As a biophysicist, I cringe at some aspects of the experiement, but I don't think any aspects of the design were out of line for this type of psychological research.
The particpants were self-selected, obviously, but they underwent extensive testing, and, most importantly, they were randomly divided into the guard and prisoner groups.
As a molecular biologist, these comments are basically me cringing. I still can't imagine doing any kind of psychological study in which you explicitly tell your subjects what kind of behavior you are looking for.
Certainly, and in the psychological experiments I participated in (a dubious requirement of my intro to psych class back in undergrad) we were not told what type of behavior was expected of us. In this experiment, the prisoners were definitely not informed of any expectations, just the guards. I guess it's understandable, because the PI would have to stress heavily the fact that the guards could absolutely not inflict any physical harm. That alone could influence their behavior to the other extreme, so possibly he was trying to strike some sort of balance. It's too bad he was so explicit, but I'm not sure if there was a better strategy available here.
I think we're coming closer to agreement. Ah, Saturday night in Oxford.

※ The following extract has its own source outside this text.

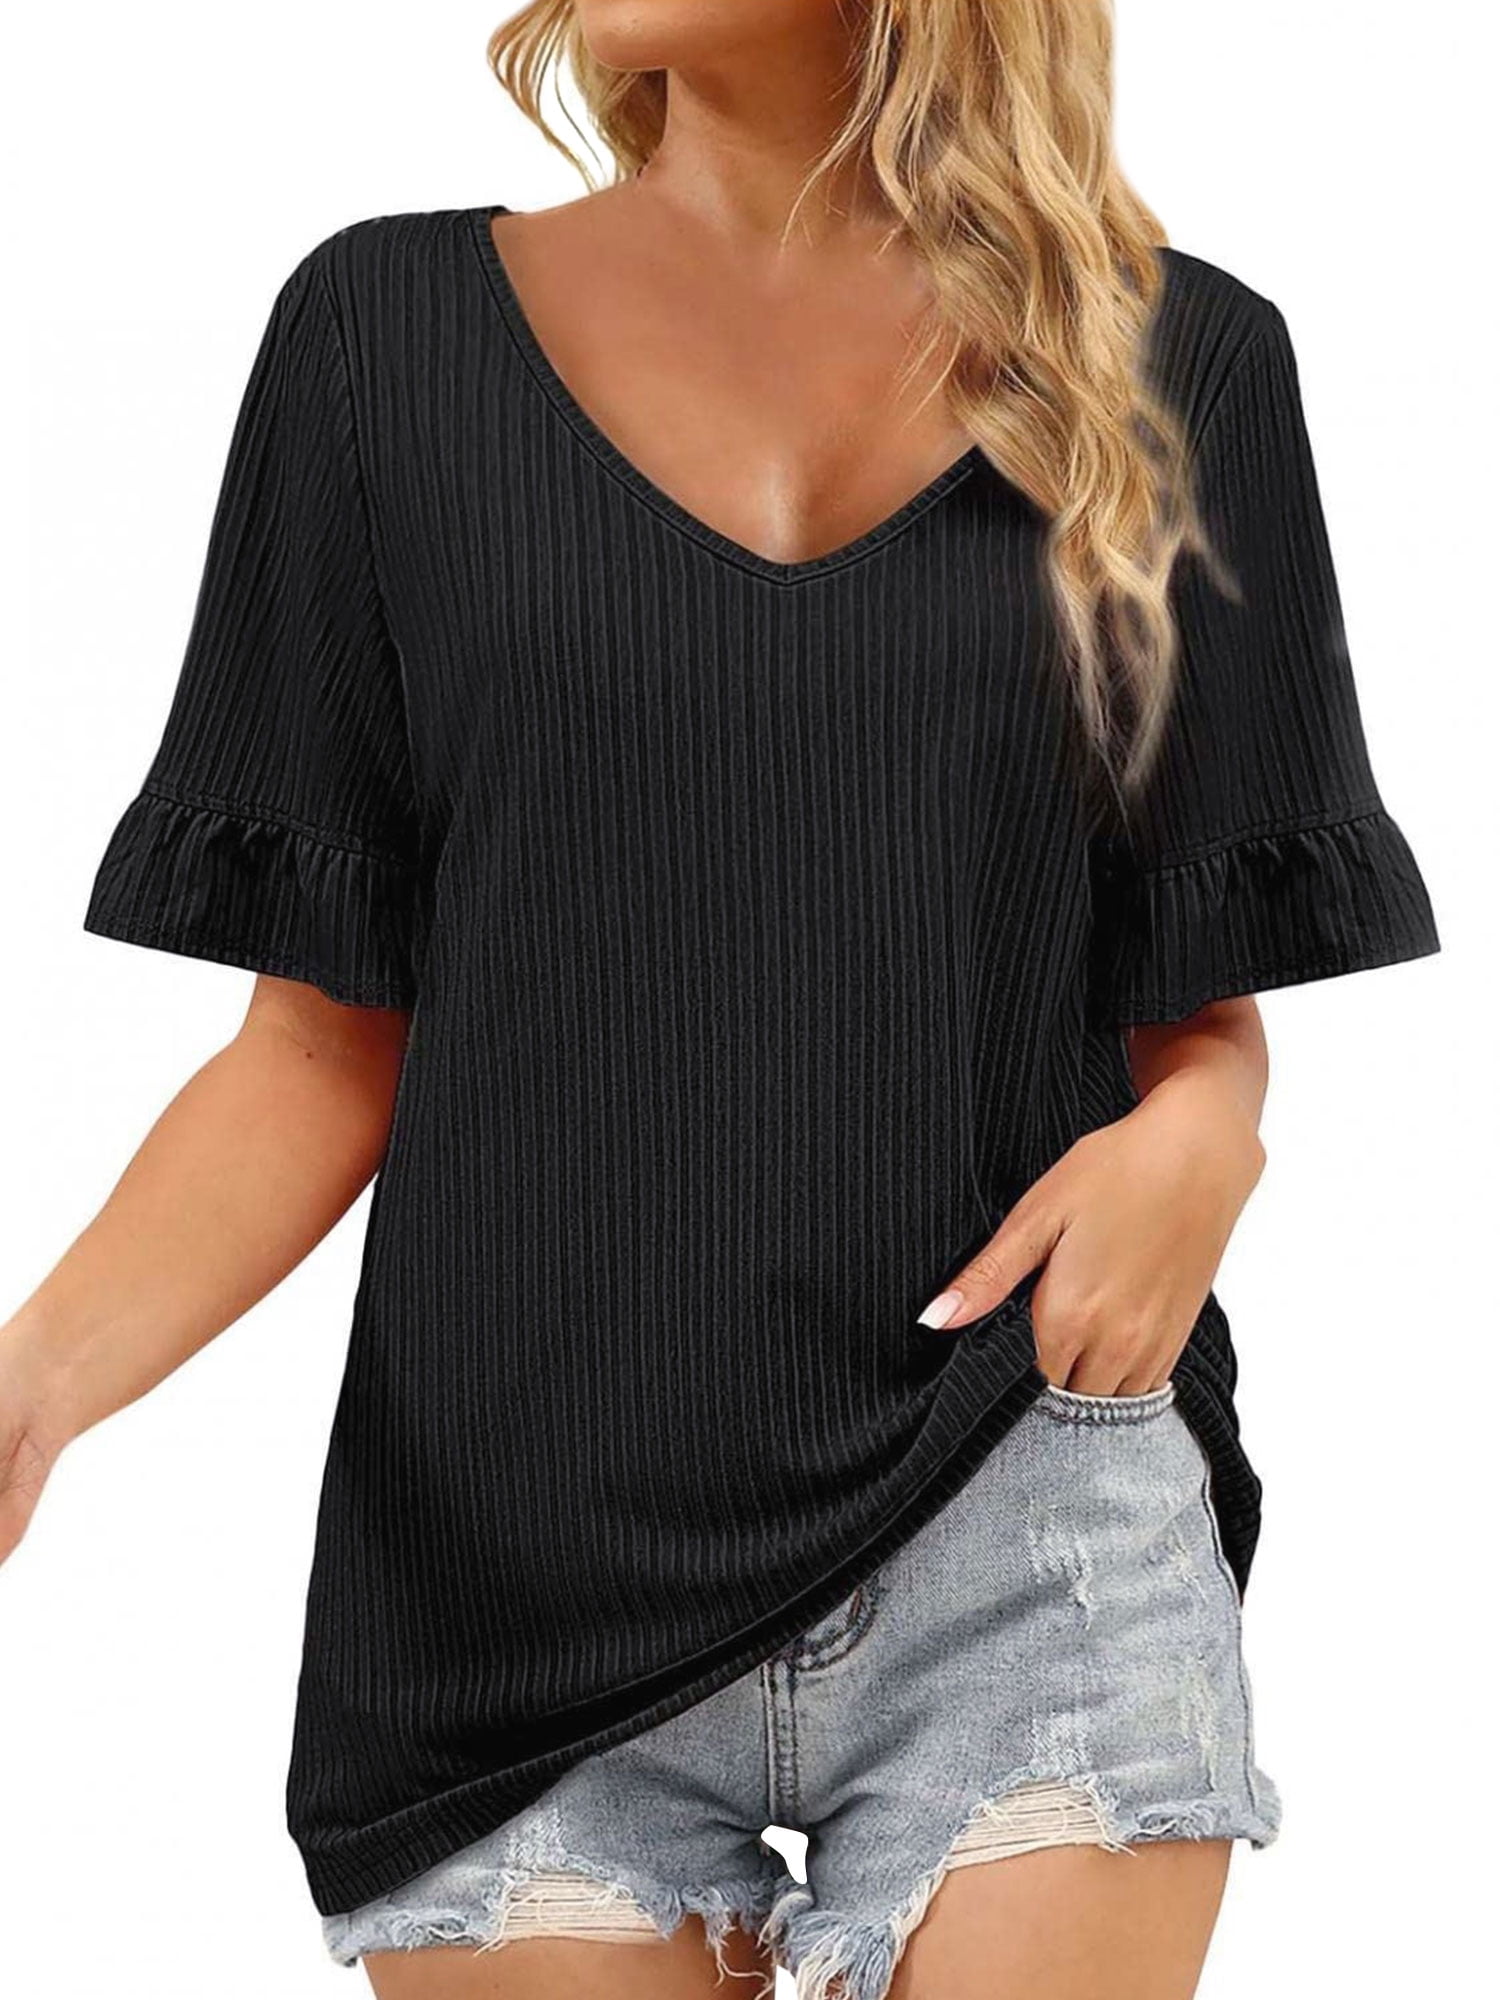 ZXZY Women Solid Color V Neck Ruffle Short Sleeve Knit Top

I'm late for a party. Peace out, y'all.
The students knew it was only an experiment. Still we can learn a lot for real life. In Germany we had a time not too long ago, where there were far too many sadistic guards and too few Schindlers. My personal conclusion is to watch my own behaviour, stay critical, keep some common sense and try to think ahead. This may seem little but I unfortunately know some people for whom that is already a lot too much. So let us stay busy working on it and on ourselves. At least we have the opportunity to criticize occasional bad behaviour and enduringly bad behaving people. And there is always space for some further evolution. Bless you!